» **WHAT YOU HAVE TO DO**:
Every line of the records below from the line with "Cómo Ámsterdam le" up to and including the line with "00 연변문화예술발전촉진회, 조선족" must be reproduced exactly, and no line outside that range.

» **LISTED ENTRIES**:
========================================================================
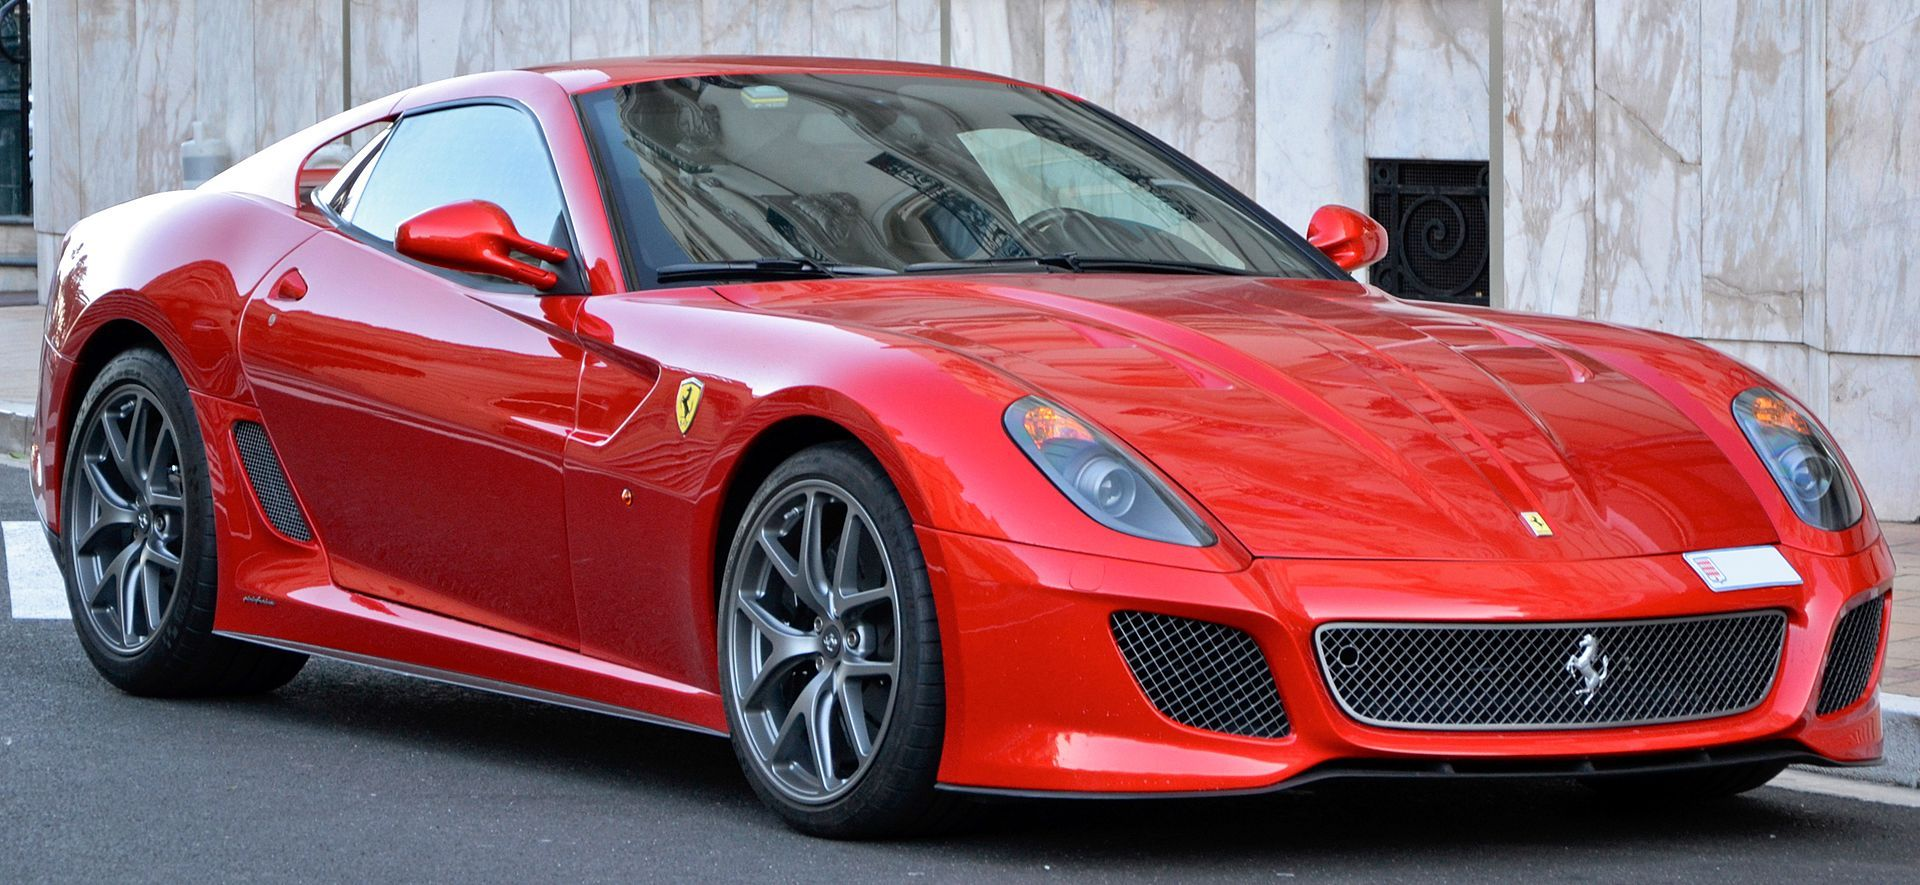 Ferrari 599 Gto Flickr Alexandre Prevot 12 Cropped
========================================================================
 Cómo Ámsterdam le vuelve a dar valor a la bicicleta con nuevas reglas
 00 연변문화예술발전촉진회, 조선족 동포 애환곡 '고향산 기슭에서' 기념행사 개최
========================================================================
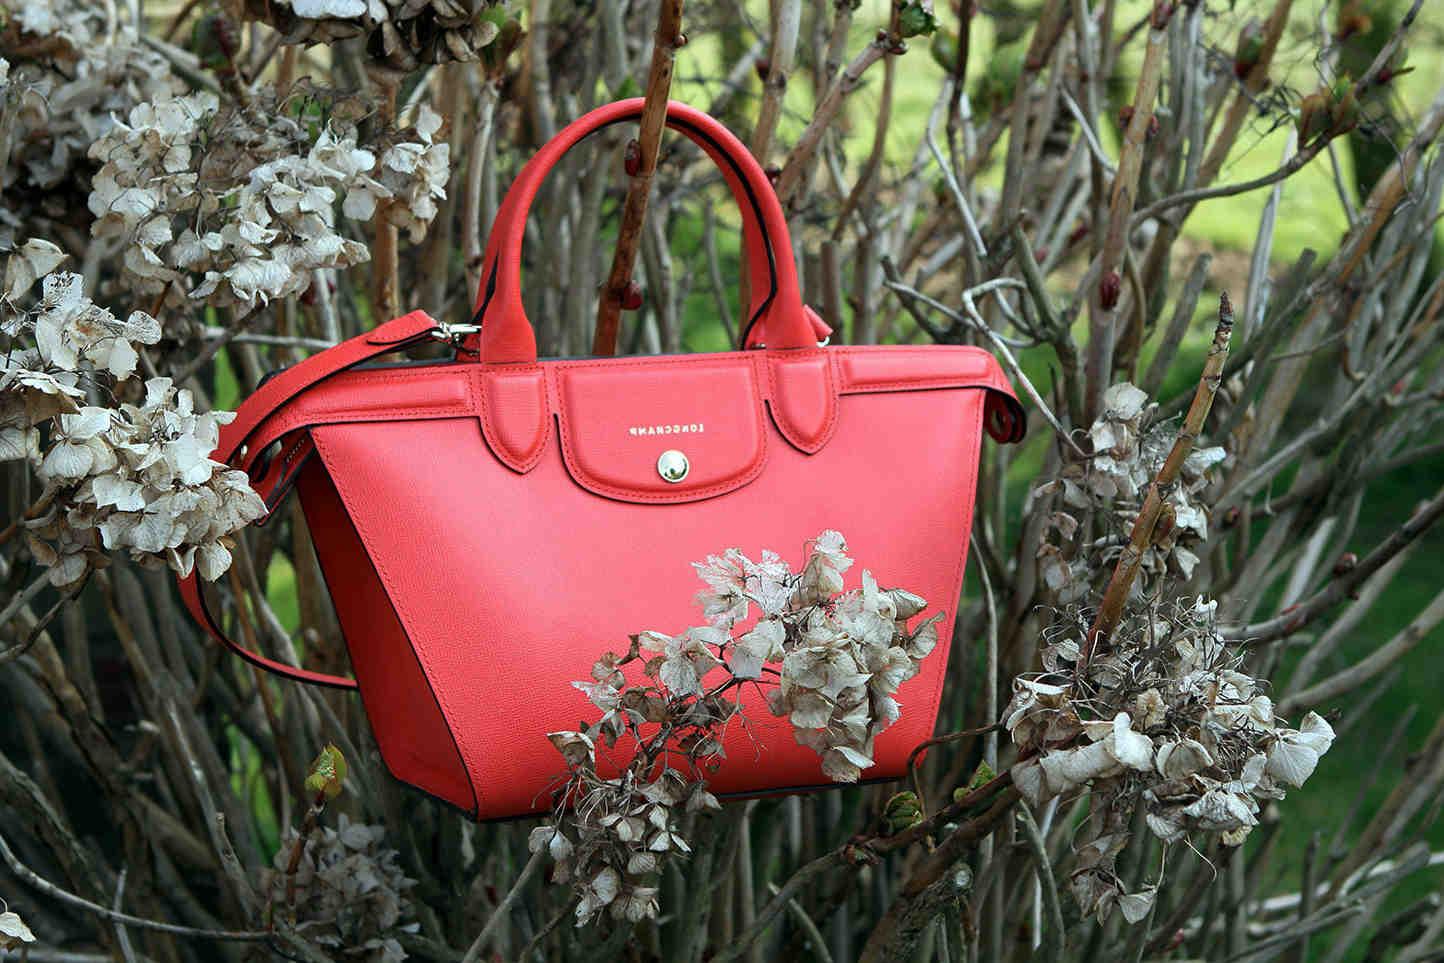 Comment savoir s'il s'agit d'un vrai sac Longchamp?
========================================================================
» **RESULT OF THIS EXERCISE**:
 Cómo Ámsterdam le vuelve a dar valor a la bicicleta con nuevas reglas
 00 연변문화예술발전촉진회, 조선족 동포 애환곡 '고향산 기슭에서' 기념행사 개최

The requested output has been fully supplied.